From a broader AI perspective, this is also a compelling case study in applied autonomous agent design. The challenges of building agents that can operate reliably in complex, unpredictable visual environments are relevant far beyond gaming, and ManaMind's work is directly contributing to the state of the art in this area. At The AI World Organisation, we have been tracking the rapid maturation of autonomous AI agents across verticals, and ManaMind represents exactly the kind of focused, domain-specific application that tends to produce durable value rather than hype.
What the Funding Will Be Used For — And What Comes Next
With €1.2 million in pre-seed AI funding secured, ManaMind has laid out a clear set of priorities for deploying the capital. The company plans to expand its engineering team, bringing in additional talent to accelerate the development of its proprietary models and deepen the platform's capabilities. It will also use the funds to support expansion into key international markets — a logical next step given that the gaming industry is a global one, with major studios and publishers concentrated in the UK, continental Europe, North America, and Asia.
The design partnerships already in place with Included Games and Crazy Labs will play an important role in this phase of development. These relationships give ManaMind direct access to real-world testing environments, real development workflows, and real feedback loops that will shape how the product evolves.
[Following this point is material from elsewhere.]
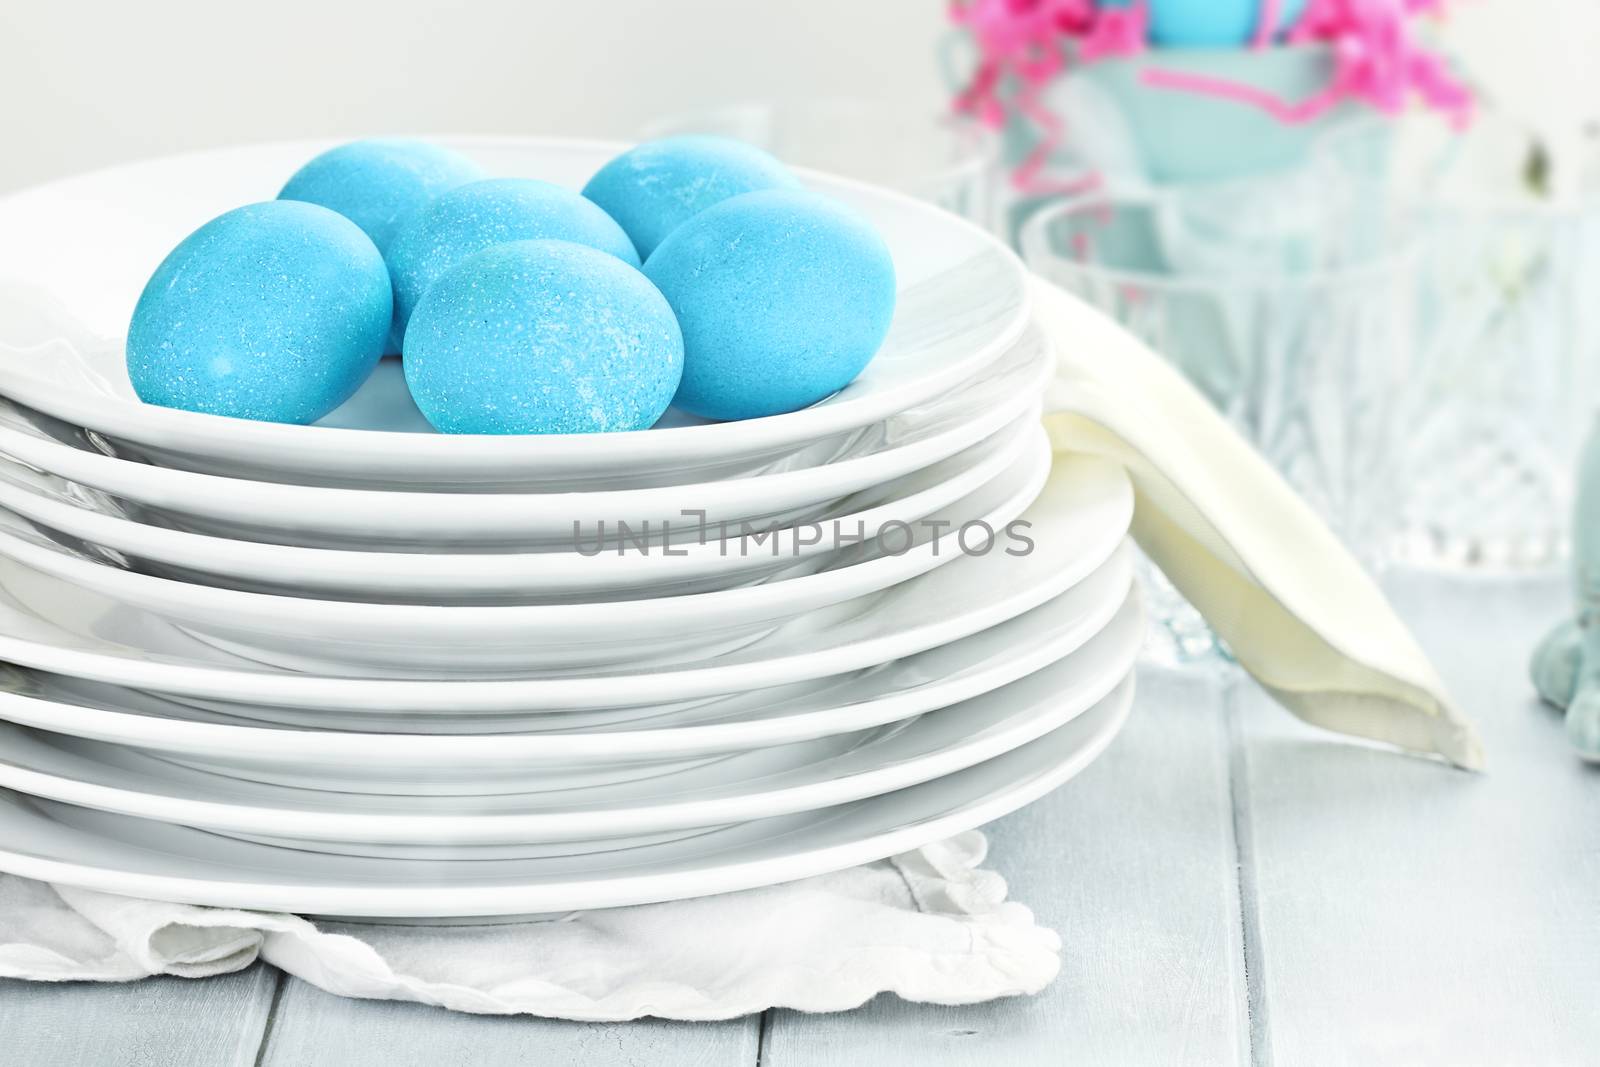 Blue dyed eggs with plates for Easte. Shallow depth of field.

For a company at the pre-seed stage, having paying or engaged design partners is a significant indicator of product-market fit and commercial viability.
Looking further ahead, Kostadinov has made clear that gaming is a launchpad rather than a ceiling for ManaMind's ambitions. The company's stated long-term vision is to build the autonomous testing layer not just for video games but for all software — and ultimately for robotics. This is a bold but logical progression. The core capability that ManaMind is building — AI agents that can reliably navigate complex visual environments and identify failures within them — has obvious applications in any context where traditional automated testing falls short. Software interfaces, physical robot systems, and any environment that is too dynamic for scripted test automation all represent potential future markets.
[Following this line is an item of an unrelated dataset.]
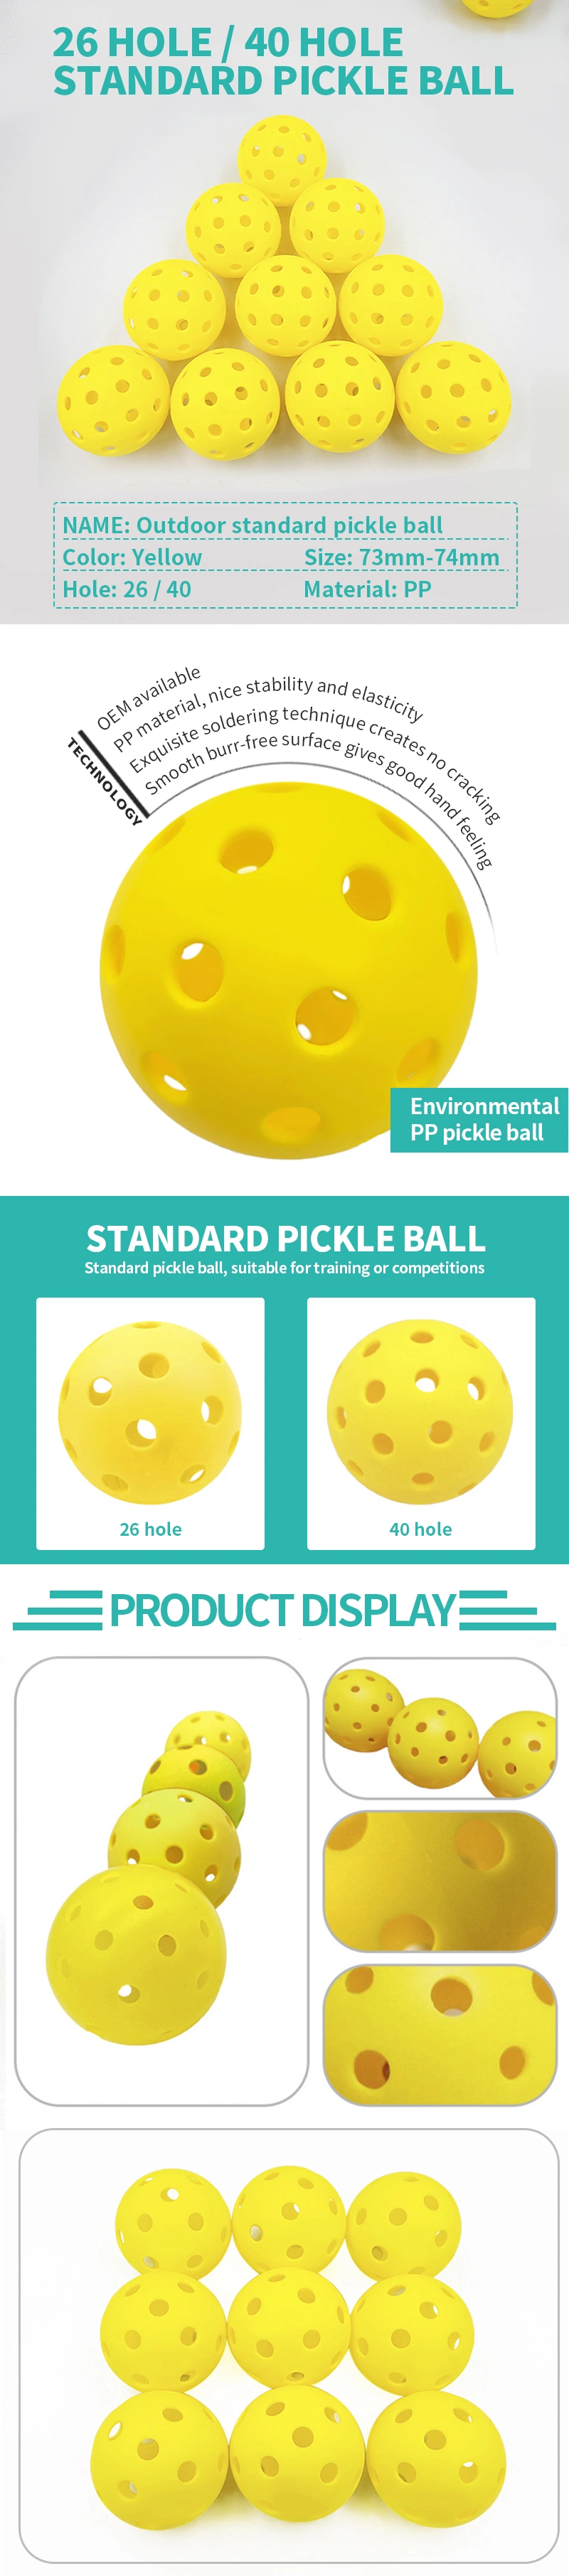 Wholesale 26 or 40 Holes Pickle Ball Game Custom Usapa Standard Outdoor Pickleball Ball for Training

This kind of platform thinking, where an initial vertical use case serves as the proving ground for a broader horizontal capability, is a well-trodden path in enterprise software. What makes ManaMind's version of it credible is that the gaming use case is genuinely hard. If the company can build agents that reliably test games, it will have demonstrated a level of visual reasoning and adaptive behaviour that translates directly into adjacent industries. The €1.2 million raised in this round is the fuel for that foundational work.
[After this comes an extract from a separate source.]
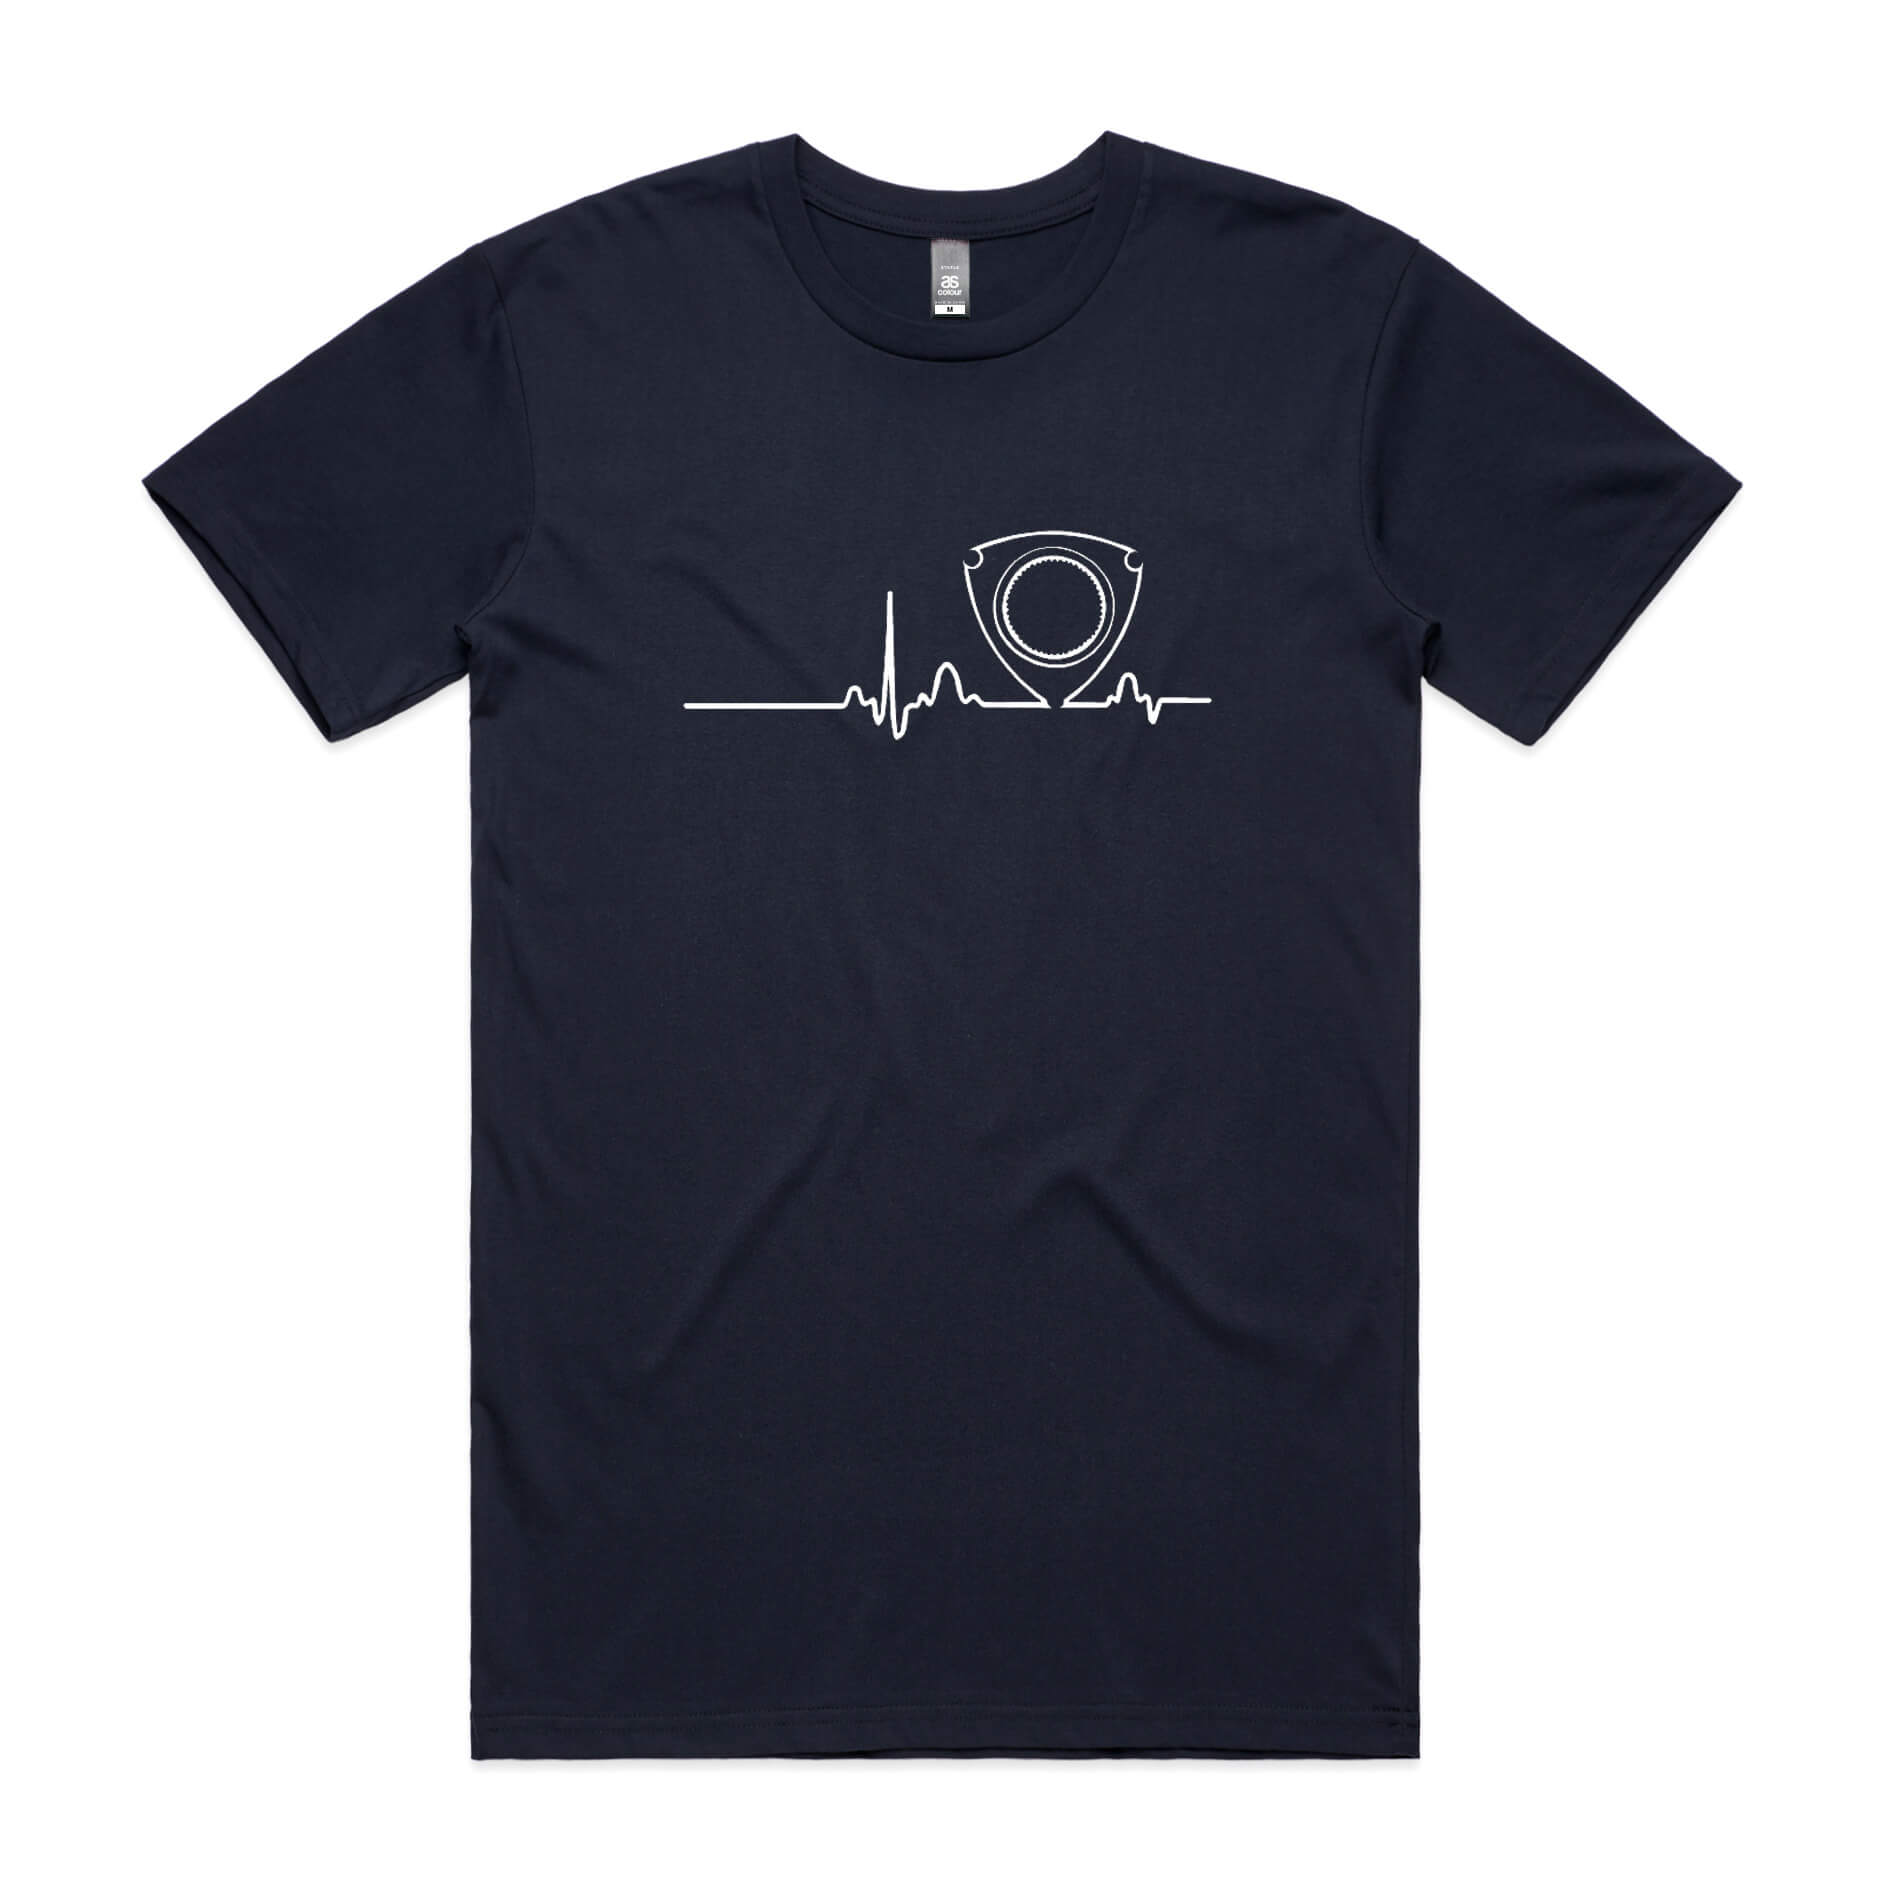 Rotary pulse t-shirt in navy blue

For anyone tracking AI funding news in the European startup ecosystem, ManaMind is a name worth keeping on the radar. The combination of a clear pain point, a differentiated technical approach, strong early investor backing from Sure Valley Ventures, and a founding team that appears to have both the vision and the domain expertise to execute makes this one of the more interesting pre-seed stories to emerge from the UK tech scene in 2026. The games industry has needed a genuinely autonomous testing solution for years. ManaMind may well be the team that delivers it.